GCD HDU - 2588（欧拉函数）

The greatest common divisor GCD(a,b) of two positive integers a and b,sometimes written (a,b),is the largest divisor common to a and b,For example,(1,2)=1,(12,18)=6.

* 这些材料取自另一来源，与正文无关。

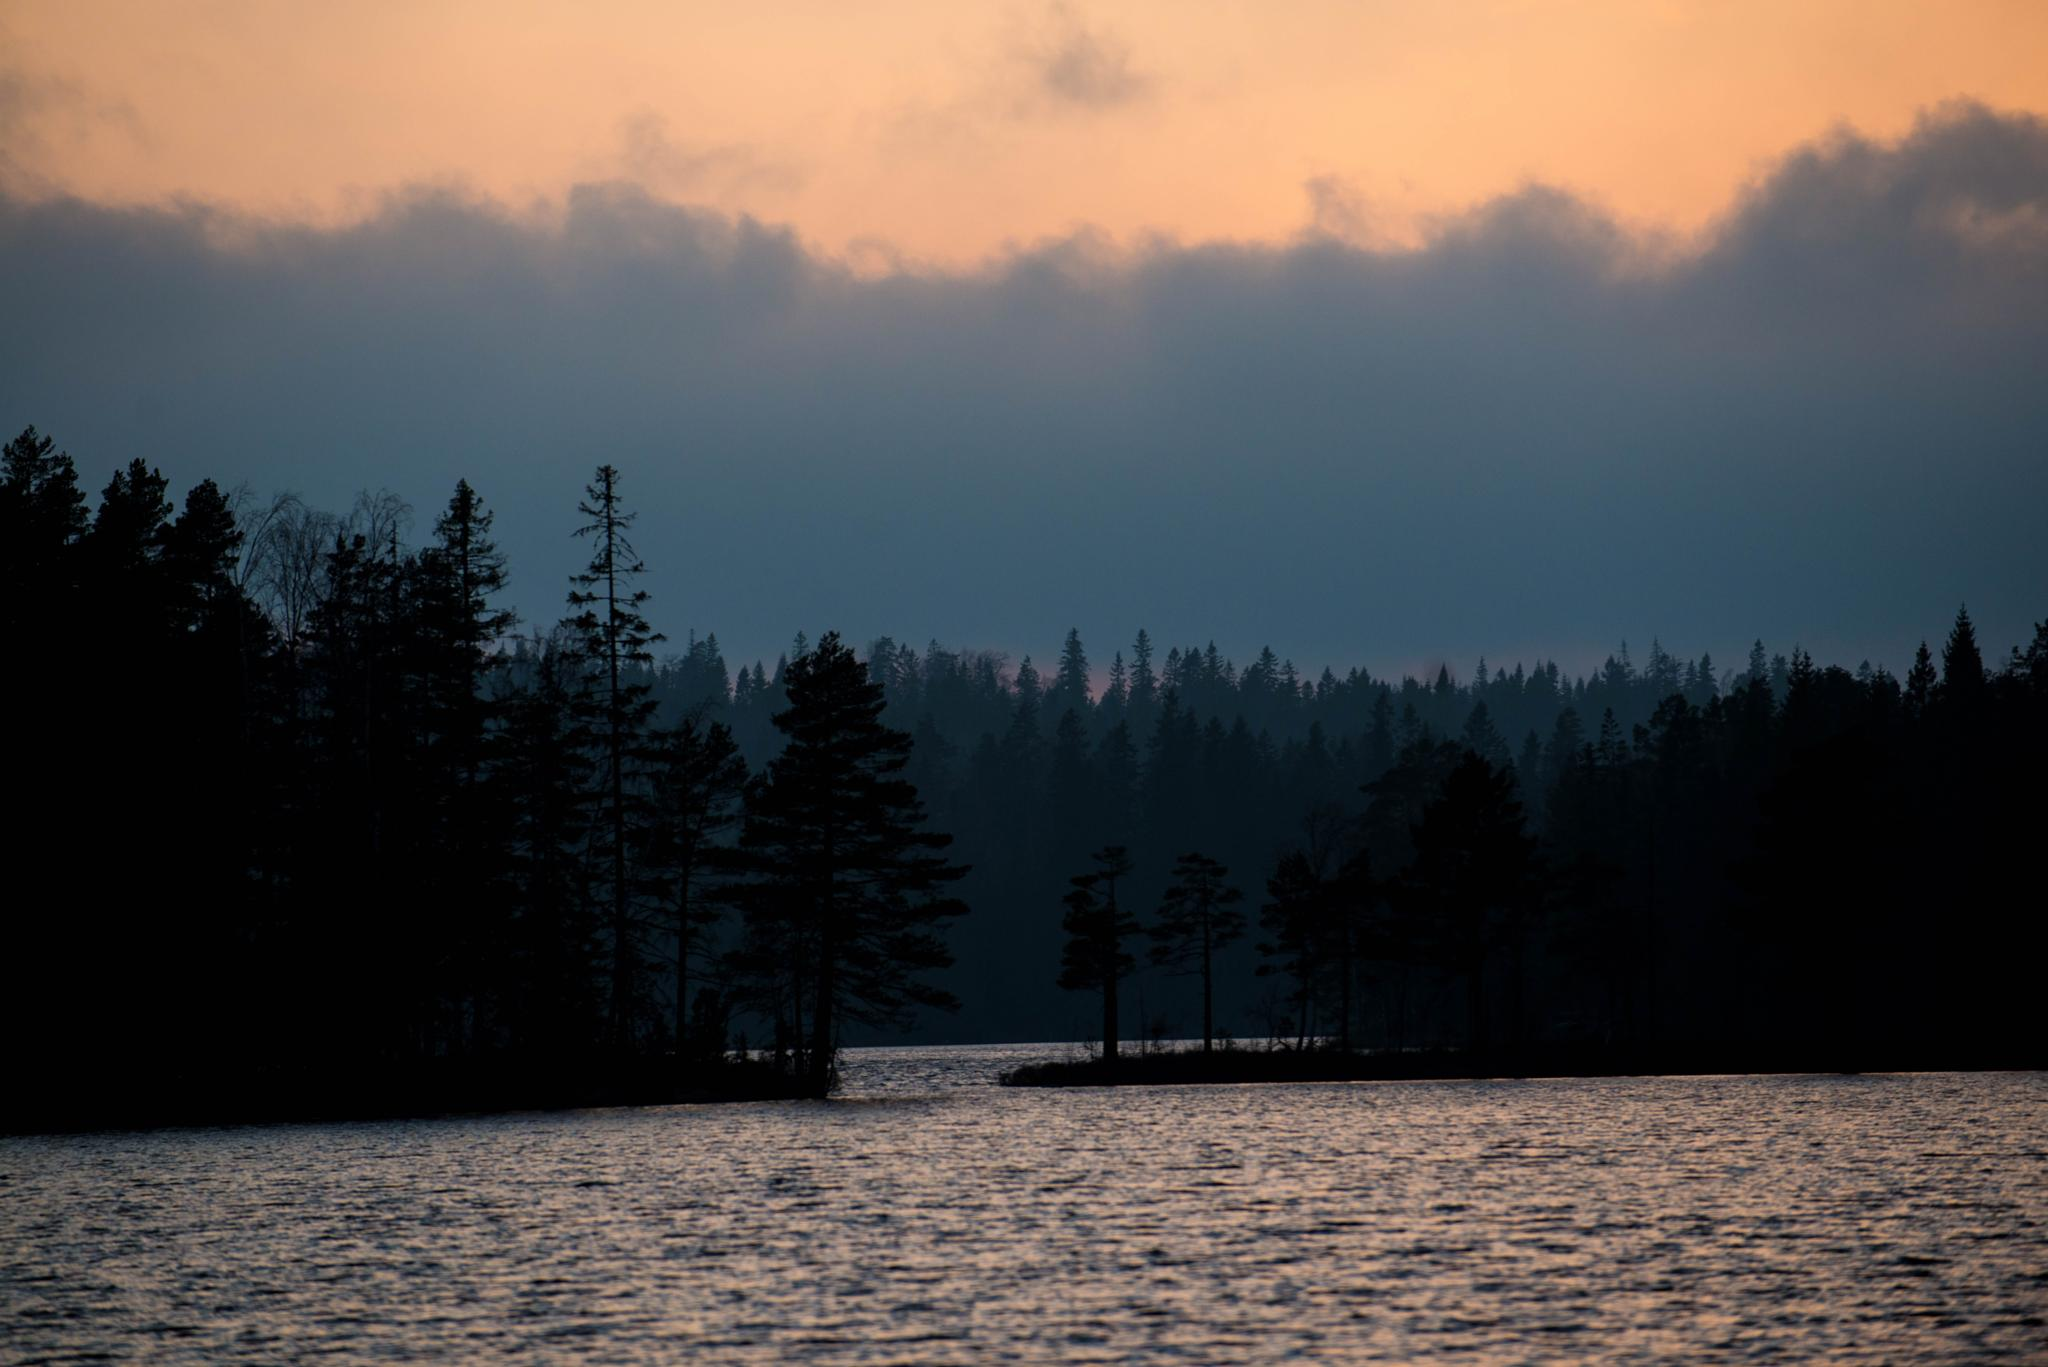 evning  att the lake by lars-goran6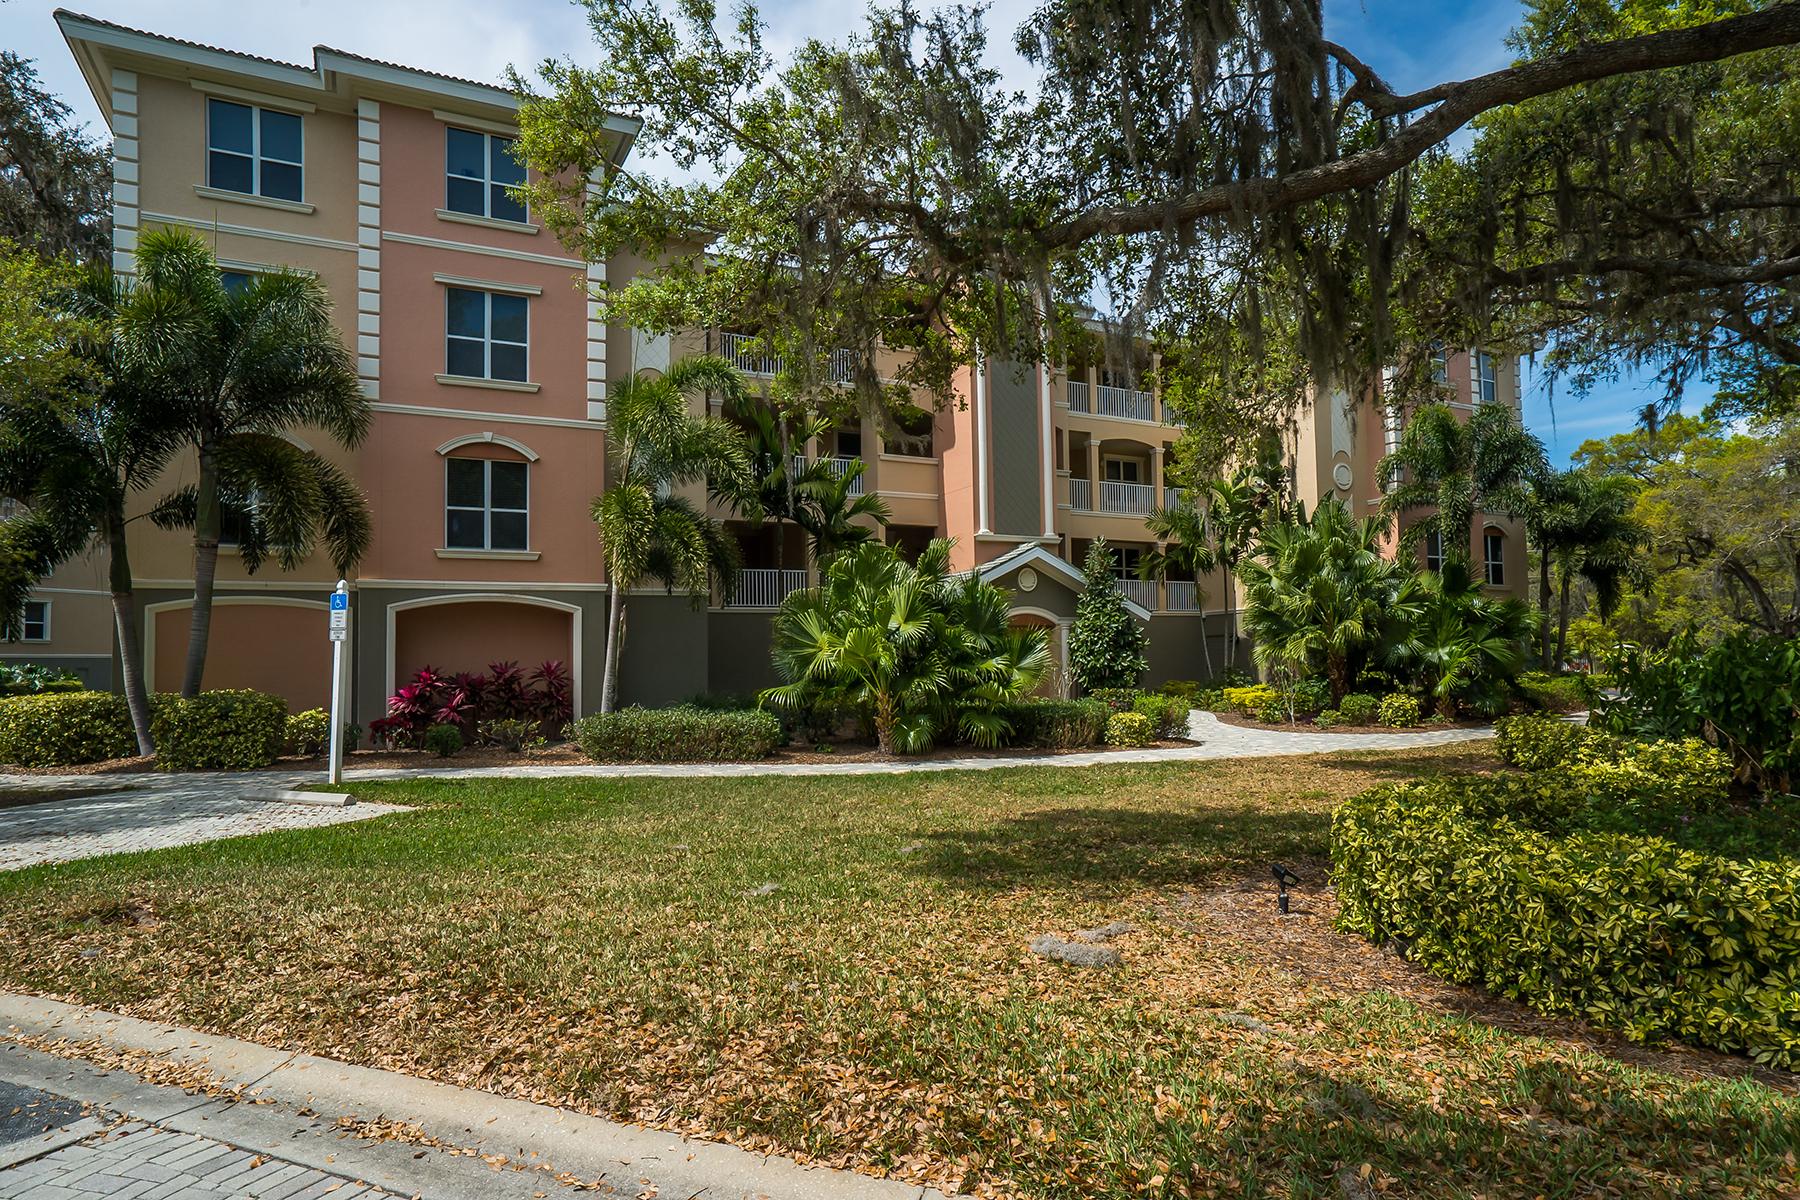 Condominium for Sale at GRAND OAKS PRESERVE 5110 Manorwood Dr 3D Sarasota, Florida, 34235 United States

(a,b) can be easily found by the Euclidean algorithm. Now Carp is considering a little more difficult problem:

Given integers N and M, how many integer X satisfies 1<=X<=N and (X,N)>=M.

Input

The first line of input is an integer T(T<=100) representing the number of test cases. The following T lines each contains two numbers N and M (2<=N<=1000000000, 1<=M<=N), representing a test case.

Output

For each test case,output the answer on a single line.

Sample Input

3

1 1

10 2

10000 72

Sample Output

1

6

260

这题也很暴力的说，直接找出n的所有素因子以及相应的个数，然后暴力组合所有n的因子，然后和m判断大小，如果满足条件，就用欧拉函数找出个数即可，不需要任何的优化。

#include<cstdio>
#include<iostream>
#include<algorithm>
#include<cstring>
#include<cmath>
#define N 200005
#define mod 1000000007
using namespace std;
int n,m;
int phi(int x)//欧拉函数
{
int ans=x;
for(int i=2;i*i<=x;i++)
{
if(x%i==0)
{
ans-=ans/i;
while(x%i==0)
x/=i;
}
if(x==1)
break;
}
if(x>1)
ans-=ans/x;
return ans;
}
int fac[20];
int e[20];
int cnt;
void getFac(int x)//晒出x的因子和相应个数
{
for(int i=2;i*i<=x;i++)
{
if(x%i==0)
{
fac[cnt]=i;
e[cnt]=0;
while(x%i==0)
{
x/=i;
e[cnt]++;
}
cnt++;
}
}
if(x>1)
{
fac[cnt]=x;
e[cnt]=1;
cnt++;
}
}
int P(int a,int b)//手写个快速幂。。。。
{
int ans=1;
while(b)
{
if(b&1)
ans*=a;
a*=a;
b>>=1;
}
return ans;
}
int ans;
void dfs(int temp,int cur)//暴力枚举因子即可
{
if(cur==cnt)
{
if(temp>=m)
ans+=phi(n/temp);
return ;
}
int now;
for(int i=0;i<=e[cur];i++)
{
now=temp*P(fac[cur],i);
dfs(now,cur+1);
}
}
int main()
{
int t;
//cout<<P(2,3);
scanf("%d",&t);
while(t--)
{
scanf("%d%d",&n,&m);
if(m==1)
printf("%d\n",n);
else
{
ans=0;
cnt=0;
getFac(n);
dfs(1,0);
printf("%d\n",ans);
}
}
return 0;
}